The rest of August was spent working, hanging out with friends, and participating in the NEWTs Magical Readathon, which is one of the best and most creative readathons I’ve participated in. I had plans for Labor Day, but they all fell through and I instead spent the holiday relaxing, a little sick (the relaxing helped), and getting stuff done around the house. August was a wonderful end to summer. I kind of want to relive it again because I’m so not ready for the intensity of the fall months.


I went so hard on the NEWTs Magical Readathon that all the books I read in August were for that event. I managed to read a mixture of books, comics, and mangas that amounted to a total of 17 things read. That’s a lot for me, and I won’t bother listing them all here. Instead, see my NEWTs wrap up to see how well I did on the readathon and what exactly I read.


Surprisingly, I managed to read a couple articles. I had to force myself to find time to do this, and still I didn’t read as many as I wanted to.

Those with a star () are the ones that stuck with me.

Social issues & current affairs

★ In Order to Understand the Brutality of American Capitalism, You Have to Start on the Plantation (nytimes.com)

— About capitalism in America and how much it’s rooted in slavery and the plantation system, which may be the cause of its brutality.

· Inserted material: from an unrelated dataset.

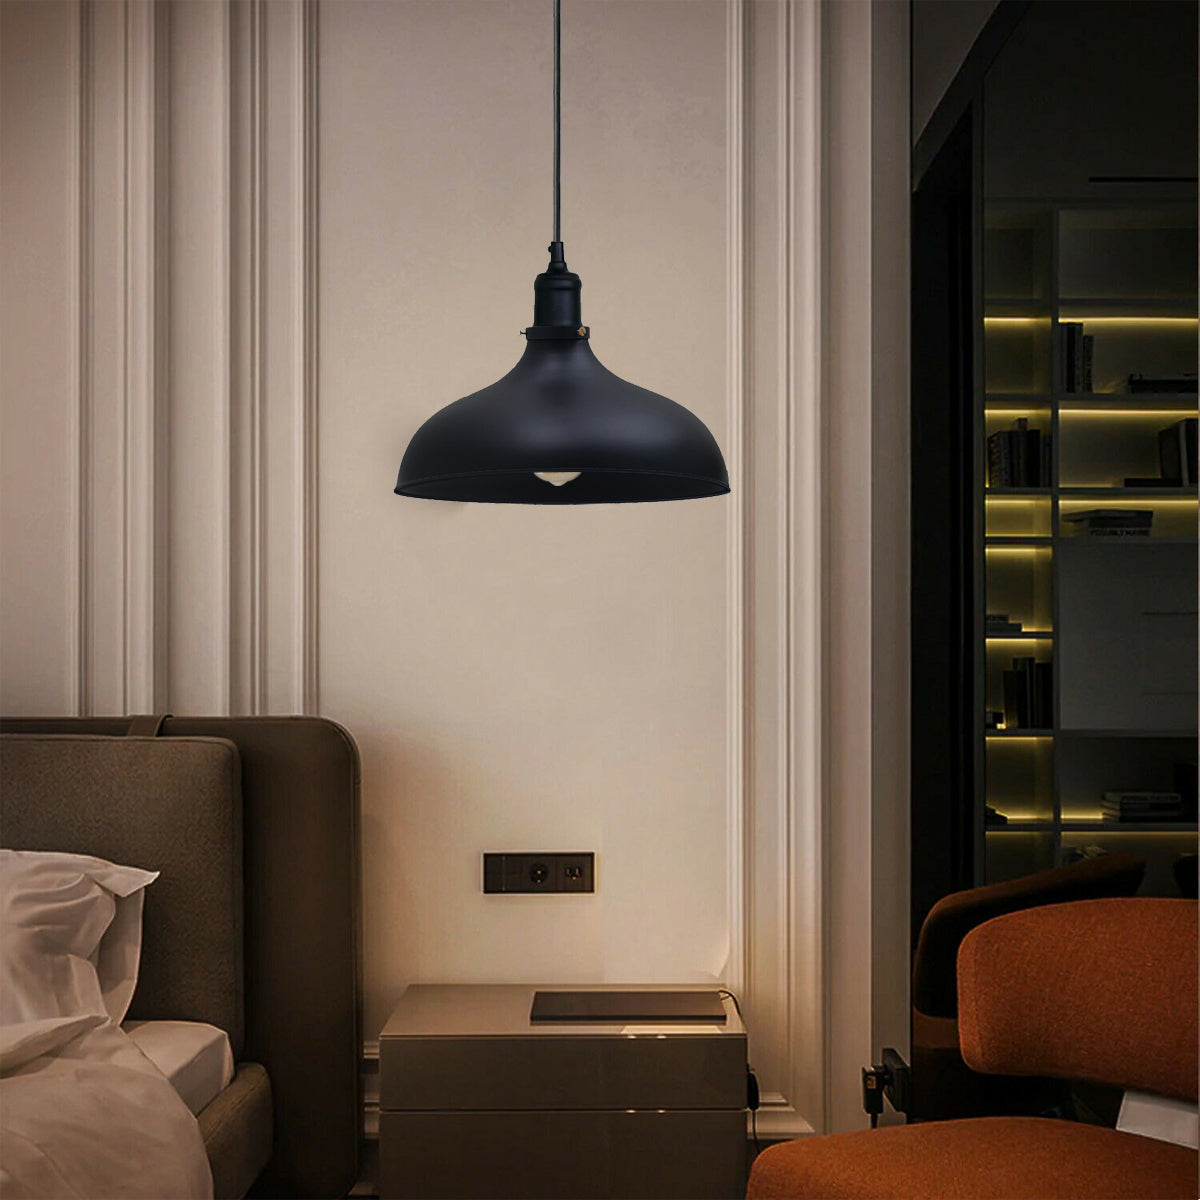 Black Industrial Retro Ceiling Pendant Light~1478 - LEDSone UK Ltd

According to this article, certain processes we take for granted in the workplace were first developed to manage slave plantations.

“When Americans declare that ‘we live in a capitalist society’… what they’re often defending is our nation’s peculiarly brutal economy.”

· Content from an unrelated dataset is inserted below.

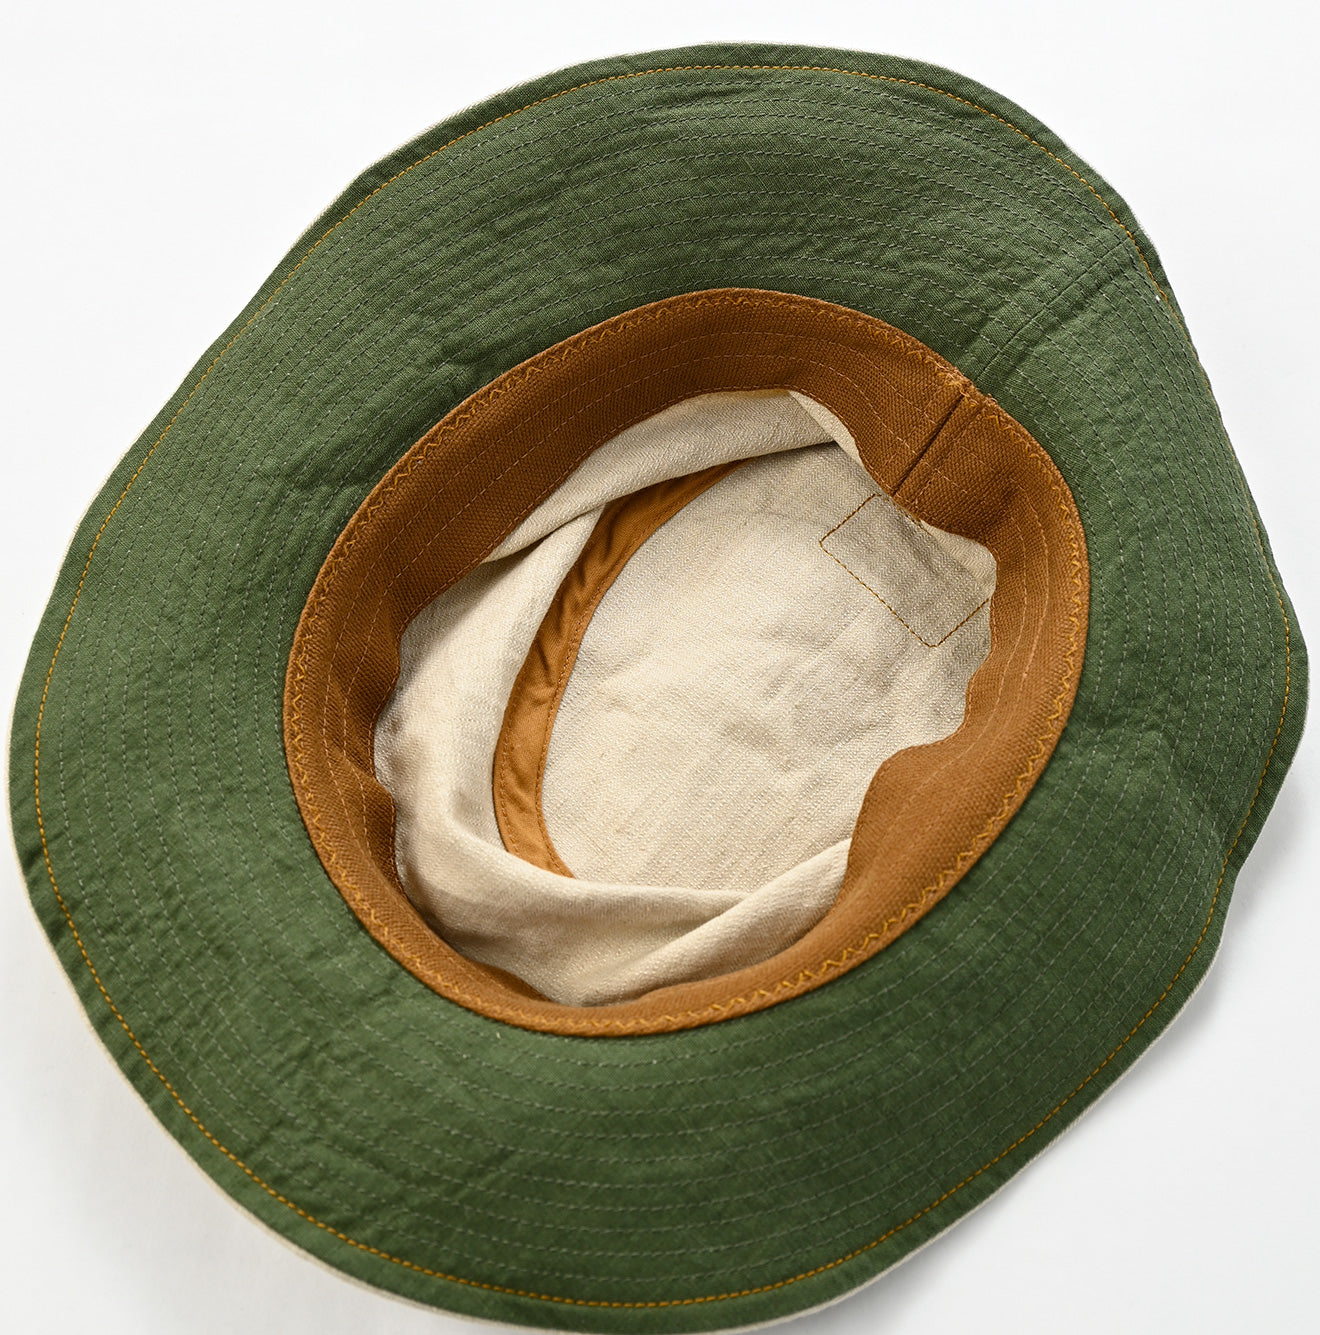 Linen Herringbone Hat

“Since the 1977 publication of Alfred Chandler’s classic study, ‘The Visible Hand,’ historians have tended to connect the development of modern business practices to the 19th-century railroad industry, viewing plantation slavery as precapitalistic, even primitive. It’s a more comforting origin story, one that protects the idea that America’s economic ascendancy developed not because of, but in spite of, millions of black people toiling on plantations. But management techniques used by 19th-century corporations were implemented during the previous century by plantation owners.”

★ In Patriarchy No One Can Hear You Scream: Rebecca Solnit on Jeffrey Epstein and the Silencing Machine (lithub.com)

— On Jeff Epstein and other rapists who get away with their crimes due to the people who enable them and rigged systems that help and protect the powerful and privileged

“In patriarchy, no one can hear you scream.”

“Monsters rule over us, on behalf of monsters.”

★ A Quarter of Humanity Faces Looming Water Crises (nytimes.com)

— A bleak outlook on the future: cities possibly running out of water by 2040

★ The Togolese “Fixer” Who Helps Immigrants Play the U.S. Visa Lottery (lithub.com)

— An excerpt from The Fixer: Visa Lottery Chronicles by Charles Piot with Kodjo Nicolas Batema. The exerpt is about a guy in Togo who helps people manipulate the U.S. visa lottery system so that they can be eligible for the U.S. visa lottery. People in Togo are willing to do this because there are no opportunities for progress in their country.

Are Millennials Really Driving ‘Cancel Culture’ — or Is It Their Overcautious Critics? (theguardian.com)

— Who’s to blame for cancel culture? The writer poses the question about who’s driving it but offers no answers except to present a different perspective that it might not be millenials.

Related interview: Bret Easton Ellis: ‘My Ability to Trigger Millennials Is Insane’ (theguardian.com)

Short Story

★ Possible Disruptions on the Occassion of My High School Graduation (electricliterature.com)

— A short story in the form of a college essay by Jackson Tobin. (It’s so good! I highly recommend it.) It’s about two twin sisters. One is disabled and a stickler for following rules; the other sister is able-bodied and a prankster. The story is about their relationship. (I suggest skipping the intro and reading it after the story because it might give away too much.)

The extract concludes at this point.